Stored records
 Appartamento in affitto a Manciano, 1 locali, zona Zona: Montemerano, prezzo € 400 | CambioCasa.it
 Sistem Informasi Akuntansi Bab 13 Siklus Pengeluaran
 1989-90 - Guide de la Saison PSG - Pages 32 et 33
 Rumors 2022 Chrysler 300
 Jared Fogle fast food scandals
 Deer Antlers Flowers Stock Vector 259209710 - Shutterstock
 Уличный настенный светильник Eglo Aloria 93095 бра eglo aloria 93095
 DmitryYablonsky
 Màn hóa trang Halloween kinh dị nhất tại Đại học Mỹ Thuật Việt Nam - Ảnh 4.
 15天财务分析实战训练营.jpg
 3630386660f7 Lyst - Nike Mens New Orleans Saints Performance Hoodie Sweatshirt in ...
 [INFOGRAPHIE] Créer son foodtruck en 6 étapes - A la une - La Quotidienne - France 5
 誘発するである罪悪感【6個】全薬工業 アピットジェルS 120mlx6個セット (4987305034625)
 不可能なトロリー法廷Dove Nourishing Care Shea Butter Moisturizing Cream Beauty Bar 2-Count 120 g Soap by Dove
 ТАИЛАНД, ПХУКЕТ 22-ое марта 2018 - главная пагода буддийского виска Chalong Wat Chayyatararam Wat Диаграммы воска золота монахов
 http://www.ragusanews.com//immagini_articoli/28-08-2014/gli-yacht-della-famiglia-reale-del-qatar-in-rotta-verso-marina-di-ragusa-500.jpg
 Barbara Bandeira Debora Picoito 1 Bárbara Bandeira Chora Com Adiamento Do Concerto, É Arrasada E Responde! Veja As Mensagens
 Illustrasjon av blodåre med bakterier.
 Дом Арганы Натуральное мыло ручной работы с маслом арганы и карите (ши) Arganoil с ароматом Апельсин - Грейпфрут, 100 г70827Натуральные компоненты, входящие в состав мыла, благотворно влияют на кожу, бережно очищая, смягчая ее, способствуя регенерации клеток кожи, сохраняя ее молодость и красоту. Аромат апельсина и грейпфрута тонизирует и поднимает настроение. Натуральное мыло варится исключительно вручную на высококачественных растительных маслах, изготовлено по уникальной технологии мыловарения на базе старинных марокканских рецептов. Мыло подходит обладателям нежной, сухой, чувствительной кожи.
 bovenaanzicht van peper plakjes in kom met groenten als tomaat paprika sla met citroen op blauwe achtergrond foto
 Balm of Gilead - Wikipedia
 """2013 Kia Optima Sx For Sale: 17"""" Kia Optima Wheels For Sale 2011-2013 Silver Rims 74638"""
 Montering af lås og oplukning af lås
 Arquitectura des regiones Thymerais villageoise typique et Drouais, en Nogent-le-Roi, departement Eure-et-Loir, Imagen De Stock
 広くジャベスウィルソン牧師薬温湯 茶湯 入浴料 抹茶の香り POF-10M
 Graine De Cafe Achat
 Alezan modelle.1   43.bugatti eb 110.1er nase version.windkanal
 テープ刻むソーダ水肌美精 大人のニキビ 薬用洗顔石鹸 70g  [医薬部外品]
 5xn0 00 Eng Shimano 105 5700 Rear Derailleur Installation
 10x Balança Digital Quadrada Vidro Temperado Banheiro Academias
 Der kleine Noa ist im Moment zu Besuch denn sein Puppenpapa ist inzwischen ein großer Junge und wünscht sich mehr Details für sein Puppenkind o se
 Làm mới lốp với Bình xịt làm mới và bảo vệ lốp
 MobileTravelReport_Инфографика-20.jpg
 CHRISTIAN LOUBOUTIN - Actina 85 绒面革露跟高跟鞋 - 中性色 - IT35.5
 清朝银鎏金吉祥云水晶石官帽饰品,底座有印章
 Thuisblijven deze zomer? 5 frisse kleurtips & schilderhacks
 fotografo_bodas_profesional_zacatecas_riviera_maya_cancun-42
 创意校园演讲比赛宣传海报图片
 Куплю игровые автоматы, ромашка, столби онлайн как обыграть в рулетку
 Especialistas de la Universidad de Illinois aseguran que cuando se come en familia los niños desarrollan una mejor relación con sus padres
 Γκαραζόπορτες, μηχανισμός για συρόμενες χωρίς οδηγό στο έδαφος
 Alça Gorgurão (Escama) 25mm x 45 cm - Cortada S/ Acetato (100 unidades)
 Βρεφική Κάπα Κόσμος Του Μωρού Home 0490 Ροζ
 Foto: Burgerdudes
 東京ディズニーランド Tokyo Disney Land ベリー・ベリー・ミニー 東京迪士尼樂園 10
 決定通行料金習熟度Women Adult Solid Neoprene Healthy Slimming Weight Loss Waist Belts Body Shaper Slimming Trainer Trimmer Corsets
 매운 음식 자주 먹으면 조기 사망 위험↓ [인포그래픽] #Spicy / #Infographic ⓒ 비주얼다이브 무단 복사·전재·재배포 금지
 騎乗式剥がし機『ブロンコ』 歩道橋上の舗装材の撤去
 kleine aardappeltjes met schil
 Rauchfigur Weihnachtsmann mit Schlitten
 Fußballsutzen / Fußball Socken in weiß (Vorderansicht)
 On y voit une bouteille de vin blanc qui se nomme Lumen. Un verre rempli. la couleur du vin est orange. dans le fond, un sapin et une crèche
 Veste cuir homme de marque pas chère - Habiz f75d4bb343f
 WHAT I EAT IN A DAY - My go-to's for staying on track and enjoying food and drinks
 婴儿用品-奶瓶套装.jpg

▶ PROBLEM DESCRIPTION
For this task, write out exactly the lines of the entries above, starting at the line with "Barbara Bandeira Debora" and ending at the line with "Balm of Gilead - Wikipedia", both included, and no others.

▶ ANSWER SECTION
 Barbara Bandeira Debora Picoito 1 Bárbara Bandeira Chora Com Adiamento Do Concerto, É Arrasada E Responde! Veja As Mensagens
 Illustrasjon av blodåre med bakterier.
 Дом Арганы Натуральное мыло ручной работы с маслом арганы и карите (ши) Arganoil с ароматом Апельсин - Грейпфрут, 100 г70827Натуральные компоненты, входящие в состав мыла, благотворно влияют на кожу, бережно очищая, смягчая ее, способствуя регенерации клеток кожи, сохраняя ее молодость и красоту. Аромат апельсина и грейпфрута тонизирует и поднимает настроение. Натуральное мыло варится исключительно вручную на высококачественных растительных маслах, изготовлено по уникальной технологии мыловарения на базе старинных марокканских рецептов. Мыло подходит обладателям нежной, сухой, чувствительной кожи.
 bovenaanzicht van peper plakjes in kom met groenten als tomaat paprika sla met citroen op blauwe achtergrond foto
 Balm of Gilead - Wikipedia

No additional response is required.